Mapa axial de uma porção da área central de Belo Horizonte
Paula Barros

A rapidez com que as cidades vêm sendo transformadas na contemporaneidade tem contribuído para o declínio da qualidade de vida no meio urbano (1). Se o desenvolvimento lento e gradual dos tecidos urbanos oferecia aos seus agentes a possibilidade de identificação e multiplicação daquelas alternativas projetuais percebidas como ‘boas’, simultaneamente à demolição ou transformação daquelas consideradas ‘ruins’, o mesmo fenômeno não se observa nas cidades contemporâneas que se modificam velozmente a partir de inúmeros, complexos e concomitantes processos de adição, subtração e substituição orquestrados pelos projetistas (2).

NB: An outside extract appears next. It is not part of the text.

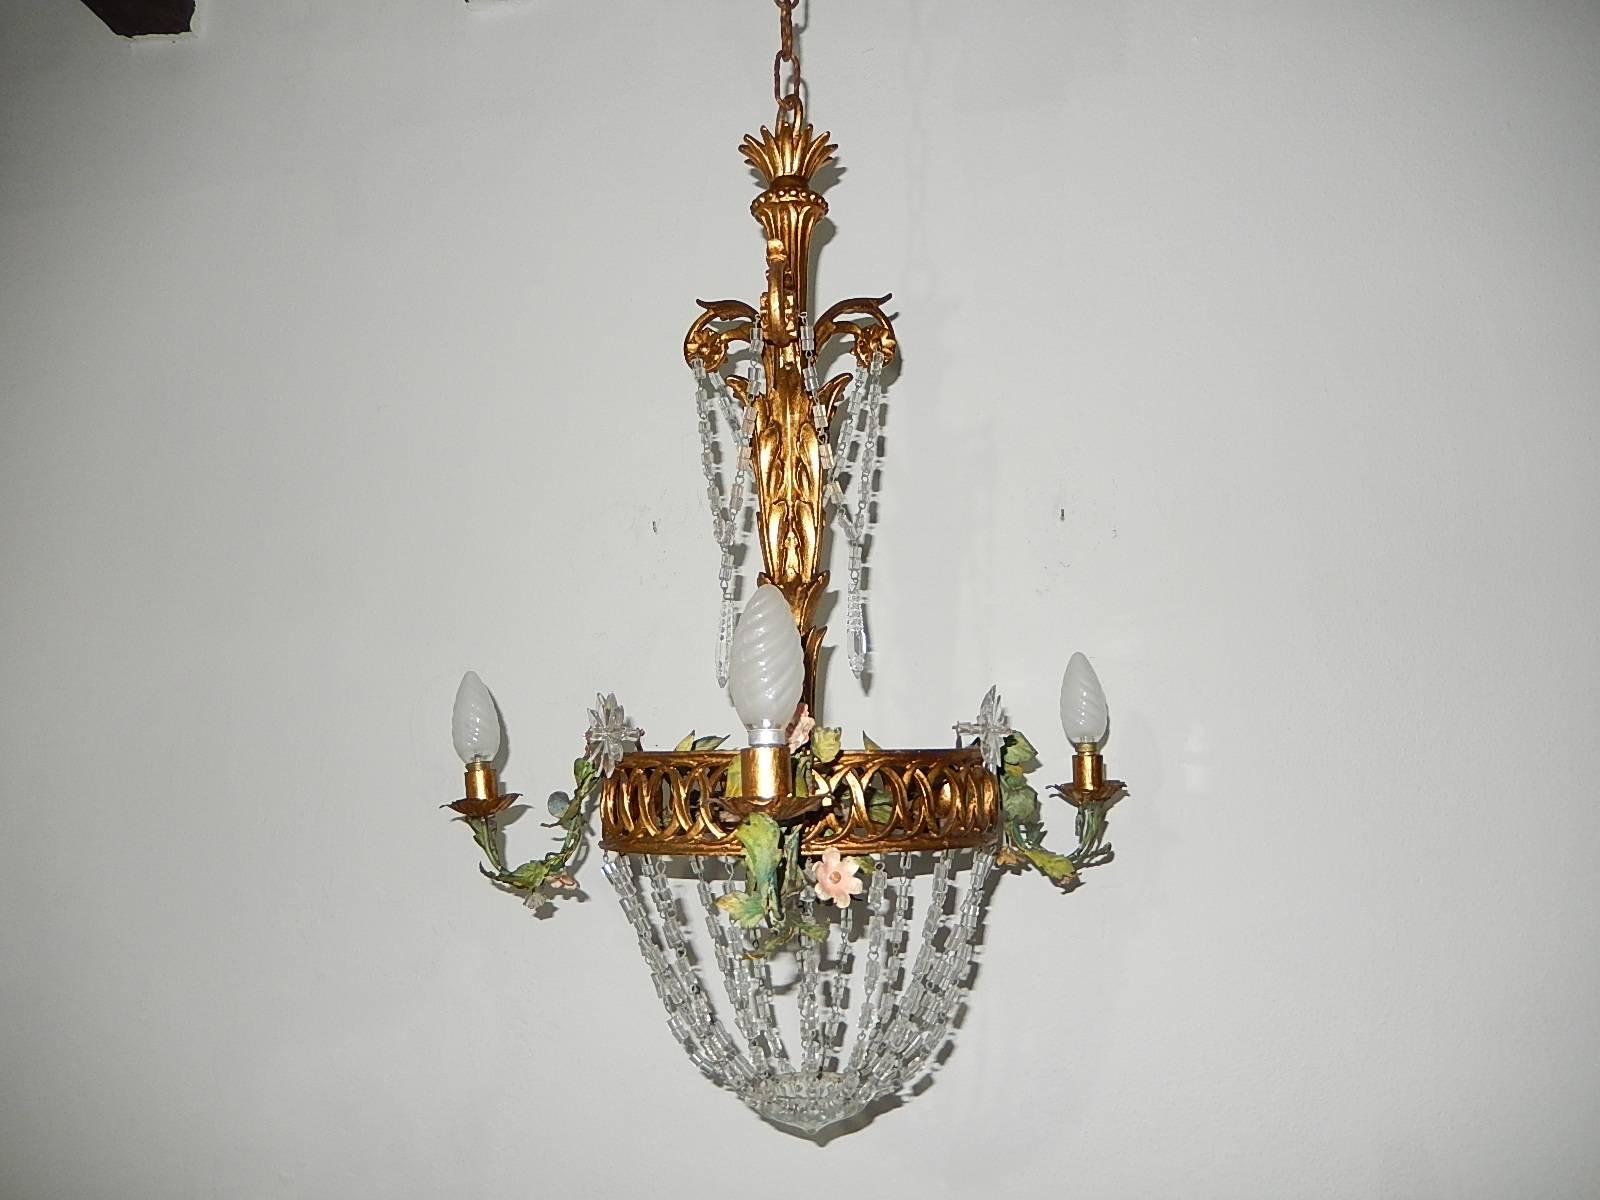 Housing four lights, three on sides, one on bottom. Rewired and ready to hang. Hand-carved giltwood with intricate details. Tole arms (detachable) floral bulb holder arms, wood center. All original paint. Adorning crystal swags encircling this

Para os propósitos desta análise, o termo projetista inclui todos os agentes urbanos cujas ações impactarão, direta ou indiretamente, sobre o tecido urbano das cidades. Dependendo do grau de consciência do papel por eles desempenhado, os projetistas podem ser divididos em dois grandes grupos: os conhecidos e os ignorados (3). Os membros do primeiro grupo, dentre eles arquitetos, têm consciência do papel das suas ações na definição do tecido urbano de uma cidade, enquanto os componentes do segundo grupo, como os vereadores, não são reconhecidos como projetistas por mais que as suas resoluções tenham um impacto significativo na forma urbana.

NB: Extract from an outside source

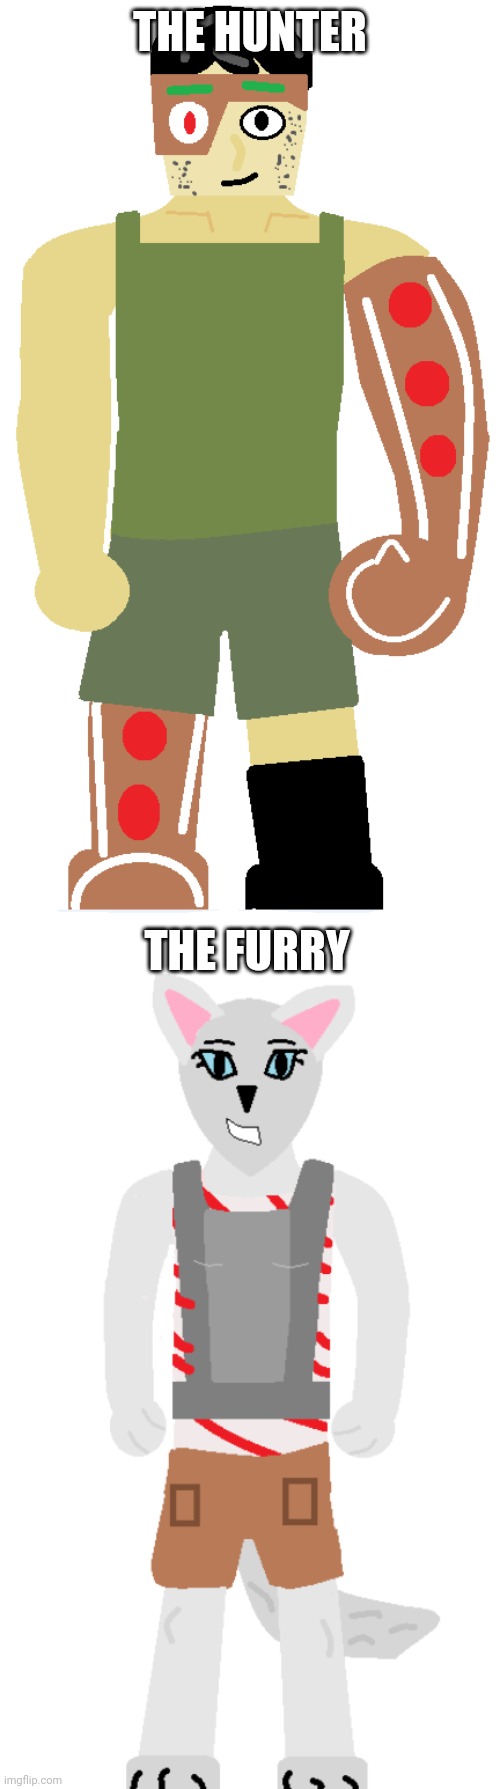 THE HUNTER THE FURRY | image tagged in gingerbread man,candystripe | made w/ Imgflip meme maker

A distinção proposta por Carmona reforça o caráter fragmentário, e necessariamente coletivo, do processo de conformação do tecido urbano. Sob esta ótica, projetistas diplomados e não diplomados são vistos como igualmente importantes na definição da forma físico-ambiental das cidades contemporâneas e na definição da qualidade de vida urbana. Diante deste quadro, a seguinte questão emerge: como a teoria e a prática projetual podem se retroalimentar em prol da geração de espaços que contribuam para a melhoria da qualidade de vida da população urbana?

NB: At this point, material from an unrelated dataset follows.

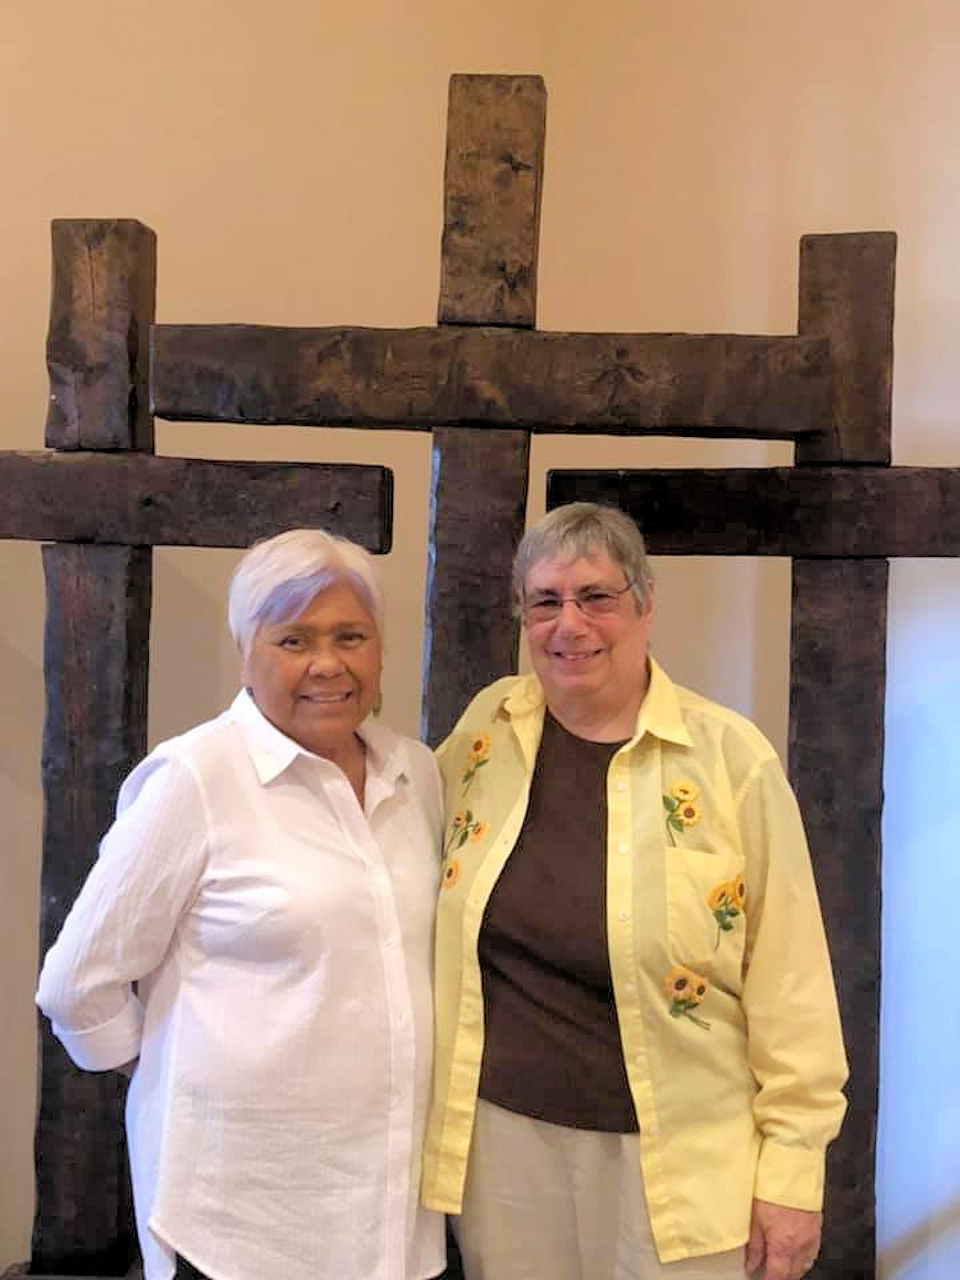 Two new rural chaplains

É fato que todo e qualquer processo projetual, de caráter participativo (4) ou não, demanda algum nível de pesquisa, mas o necessário feedback teoria-prática será função da geração de conhecimentos aplicáveis a outros objetos de projetação (5). Constata-se, todavia, que as pesquisas recorrentemente elaboradas pelos projetistas tendem a ter como objetivo principal a geração de conhecimentos voltados para solução da situação-problema posta em pauta.

Desde que a Avaliação de Pós-Ocupação (APO) amplia o conhecimento sobre tipos arquitetônicos e urbanísticos, a sua aplicação continuada pelos meios acadêmicos e profissionais, em paralelo a construção de um banco de dados/ pesquisas, potencialmente promoveria a necessária retroalimentação teoria-prática.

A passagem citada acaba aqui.